Data Masking with GitHub Actions Part 2 - Column Masking and Masking Exemption
Bytebase is a database DevSecOps platform designed for developers, security, DBA, and platform engineering teams. While it offers an intuitive GUI for managing database schema changes and access control, some teams may want to integrate Bytebase into their existing DevOps platforms using the Bytebase API.
In the previous tutorial, you learned how to set up a GitHub Action that utilizes the Bytebase API to define semantic types and global masking rule. In this tutorial, we will explore how to apply column masking and masking exemption.
This is Part 2 of our tutorial series on implementing automated database masking using GitHub Actions:
- Part 1: Semantic Type and Global Masking Rule
- Part 2: Column Masking and Masking Exemption (this one)
- Part 3: Data Classification
- Part 4: Data export with masking (TBD)
Overview
In this tutorial, you'll learn how to automate column masking and masking exemption using GitHub Actions and the Bytebase API. This integration allows you to:
- Manage data masking rules as code
- Automatically apply masking policies when PRs are merged
Here is a merged pull request as an example.

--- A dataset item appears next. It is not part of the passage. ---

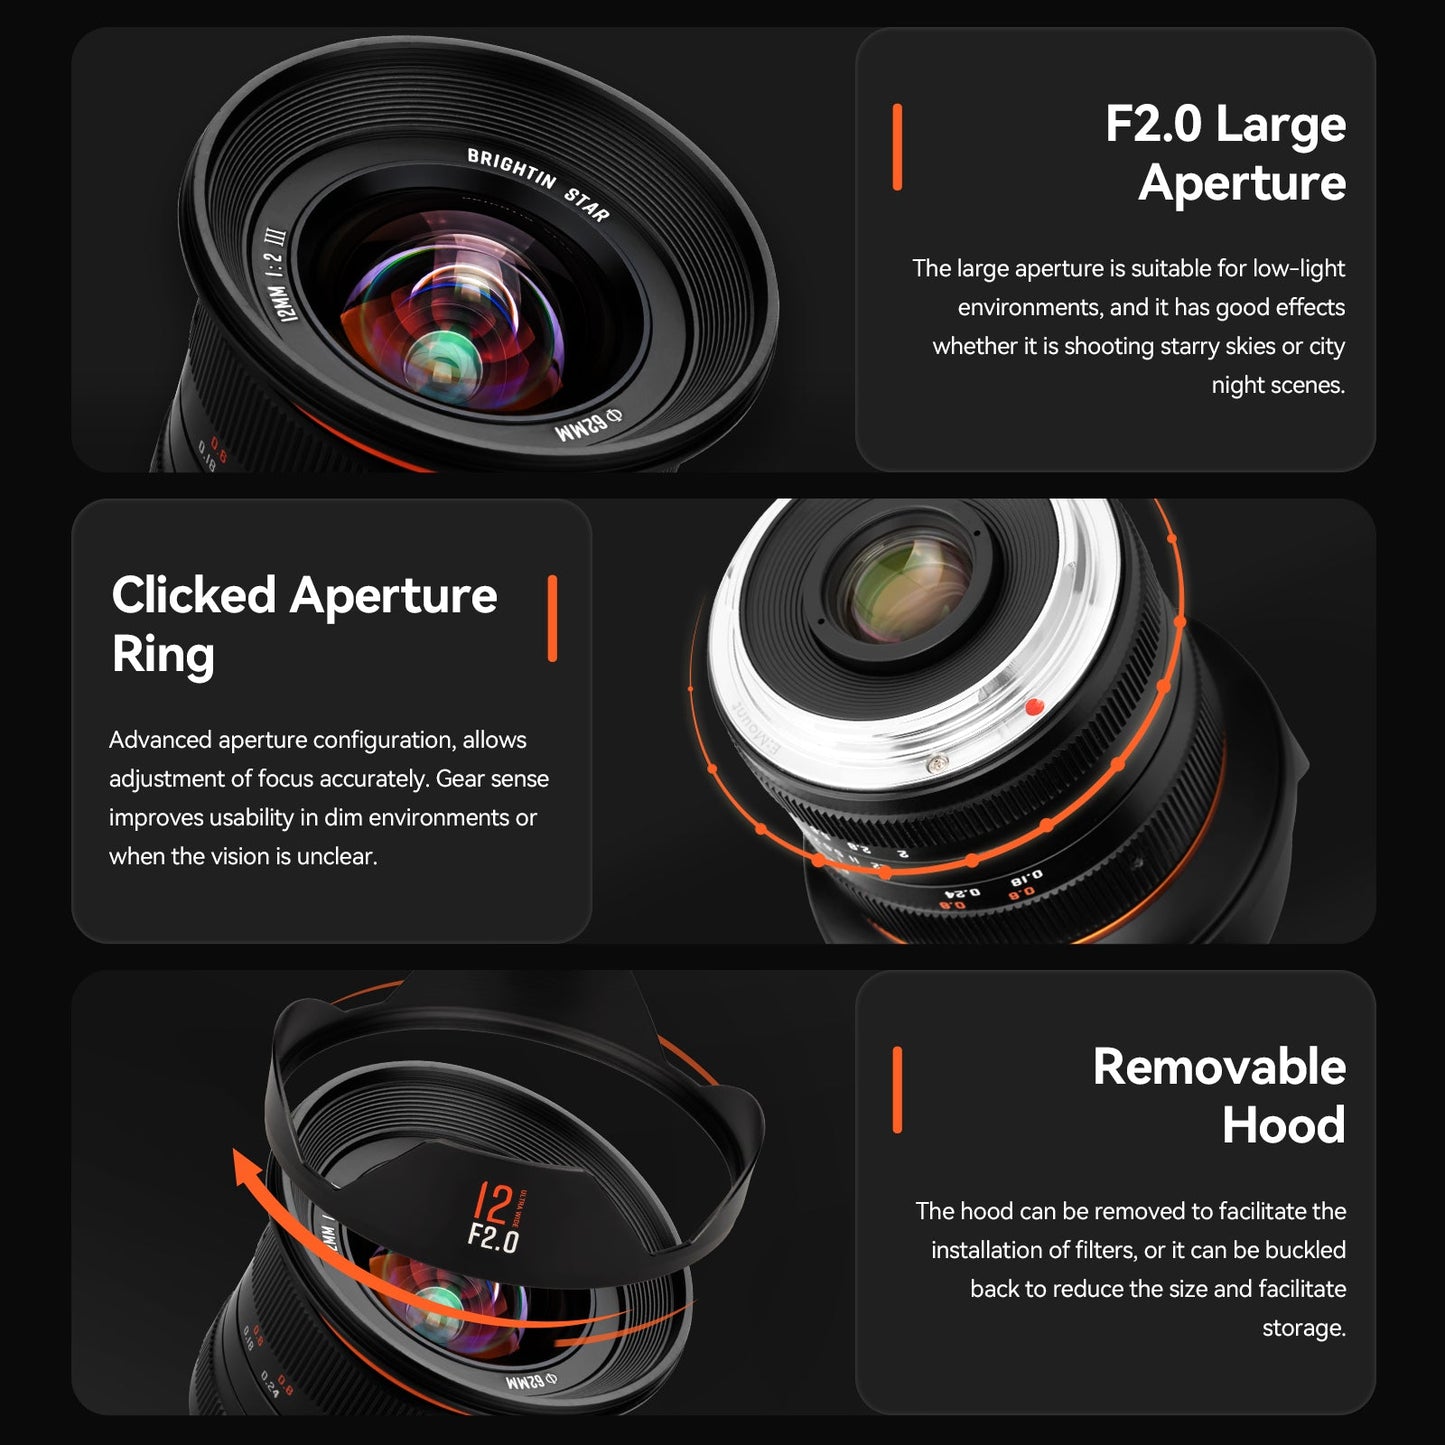 12mm F2.0 III Ultra Wide-Angle Big Aperture APS-C Manual Focus Mirrorless Cameras Lens, Fit for Canon EF-M/RF Nikon Z M4/3 Sony E Fuji X

The complete code for this tutorial is available at: database-security-github-actions-example
This tutorial skips the setup part, if you haven't set up the Bytebase and GitHub Action, please follow Setup Instructions section in the previous tutorial.
Column Masking
Column Masking lets you specify table columns different semantic type to mask the data differently.
In Bytebase Console
Go to a database page, then pick a table, you can specify semantic type by clicking pen icon on table detail page.
In GitHub Workflow
Find the step Apply column masking, which will apply the column masking to the database via API. First it will parse all the column masking files and then do a loop to apply the column masking to the database one by one. The code it calls Bytebase API is as follows:
response=$(curl -s -w "\n%{http_code}" --request PATCH "${BYTEBASE_API_URL}/instances/${INSTANCE_NAME}/databases/${DATABASE_NAME}/catalog" \
--header "Authorization: Bearer ${BYTEBASE_TOKEN}" \
--header "Content-Type: application/json" \
--data @"$CHANGED_FILE")By changing file masking/databases/**/**/database-catalog.json, create a PR and then merge, the change will be applied.
Log in Bytebase console, at the workspace level, go to the database page, you can see the column semantic type is applied.
Masking Exemption
Masking Exemption lets you exempt users from data masking and see the unmasked data.
In Bytebase Console
Go to a project page, then click Manage > Masking Exemptions, you can grant masking exemption to the database.
In GitHub Workflow
Find the step Apply masking exception, which will apply the masking exception to the database and the process is similar, the code it calls Bytebase API is as follows:
response=$(curl -s -w "\n%{http_code}" --request PATCH "${BYTEBASE_API_URL}/projects/${PROJECT_NAME}/policies/masking_exception?allow_missing=true&update_mask=payload" \
--header "Authorization: Bearer ${BYTEBASE_TOKEN}" \
--header "Content-Type: application/json" \
--data @"$CHANGED_FILE")By changing file masking/projects/**/masking-exception.json, create a PR and then merge, the change will be applied.
Log in Bytebase console, go to the project Sample Project, click Manage > Masking Exemptions, you can see the masking exemption is applied.